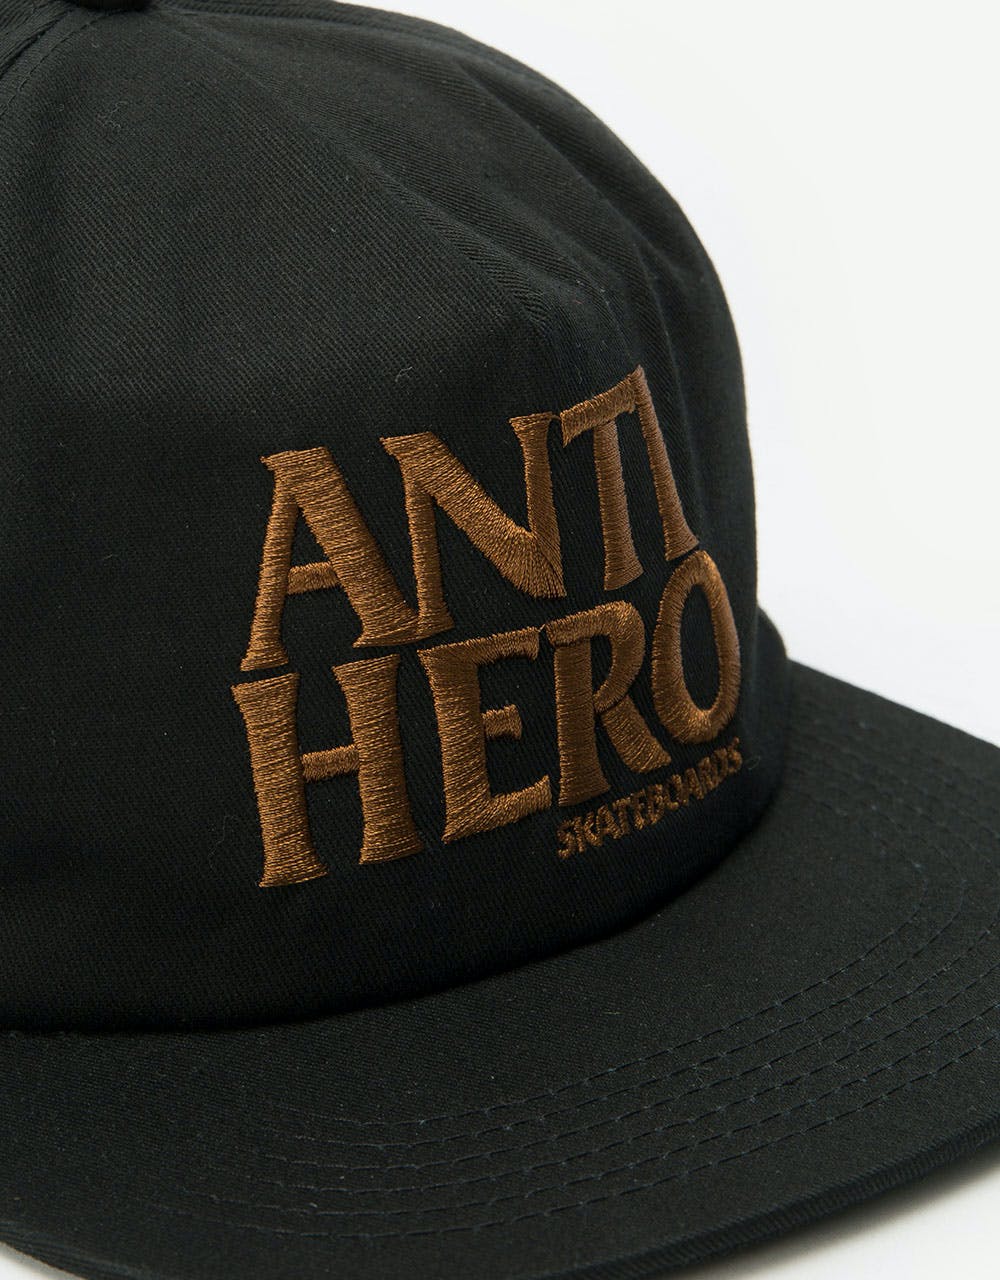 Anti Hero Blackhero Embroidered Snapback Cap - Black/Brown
_ _ _ _ _
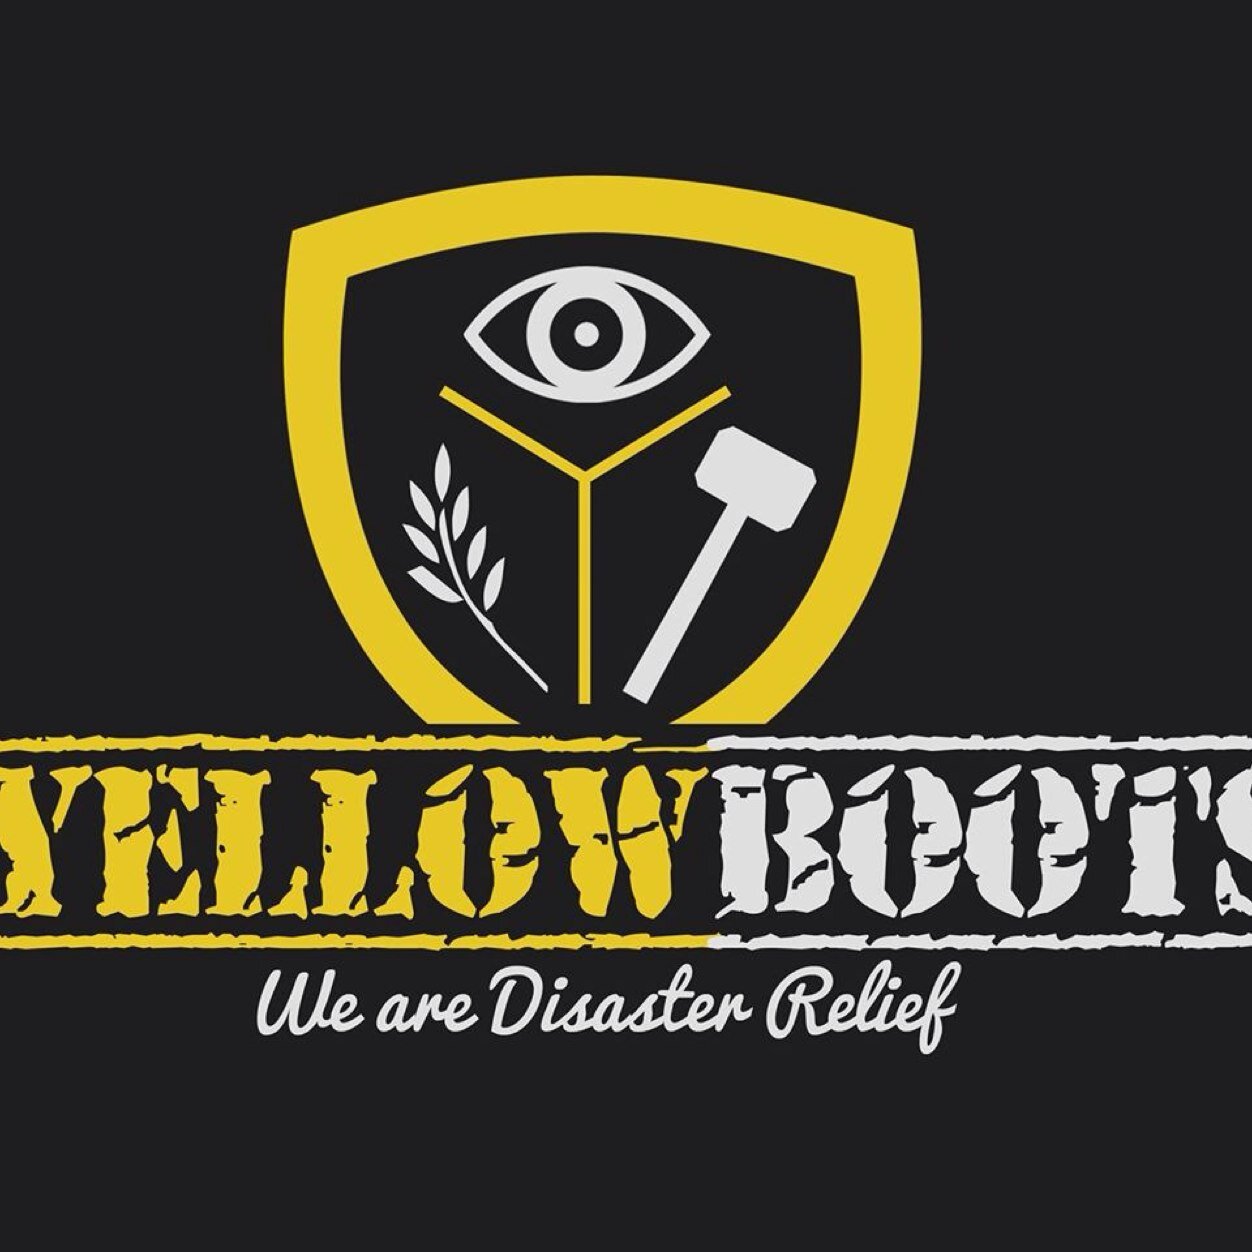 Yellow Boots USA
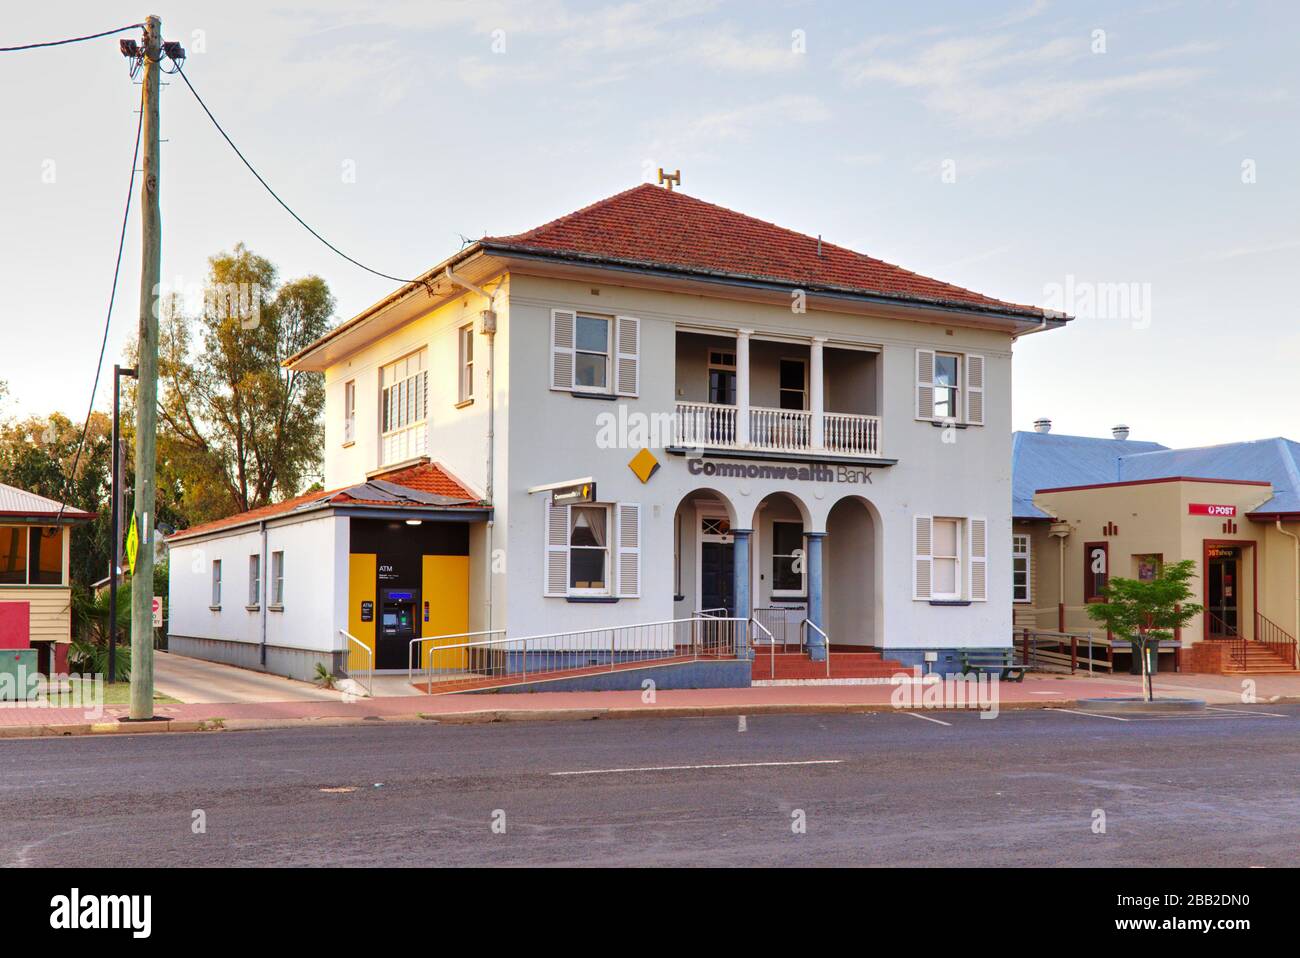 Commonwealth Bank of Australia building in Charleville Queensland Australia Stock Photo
_ _ _ _ _
#### What is required:
Copy out exactly the lines above beginning with the line that contains "Yellow Boots USA" and finishing with the line that contains "Commonwealth Bank of", including both; leave the pictures out.

#### Expected answer:
 Yellow Boots USA
 Commonwealth Bank of Australia building in Charleville Queensland Australia Stock Photo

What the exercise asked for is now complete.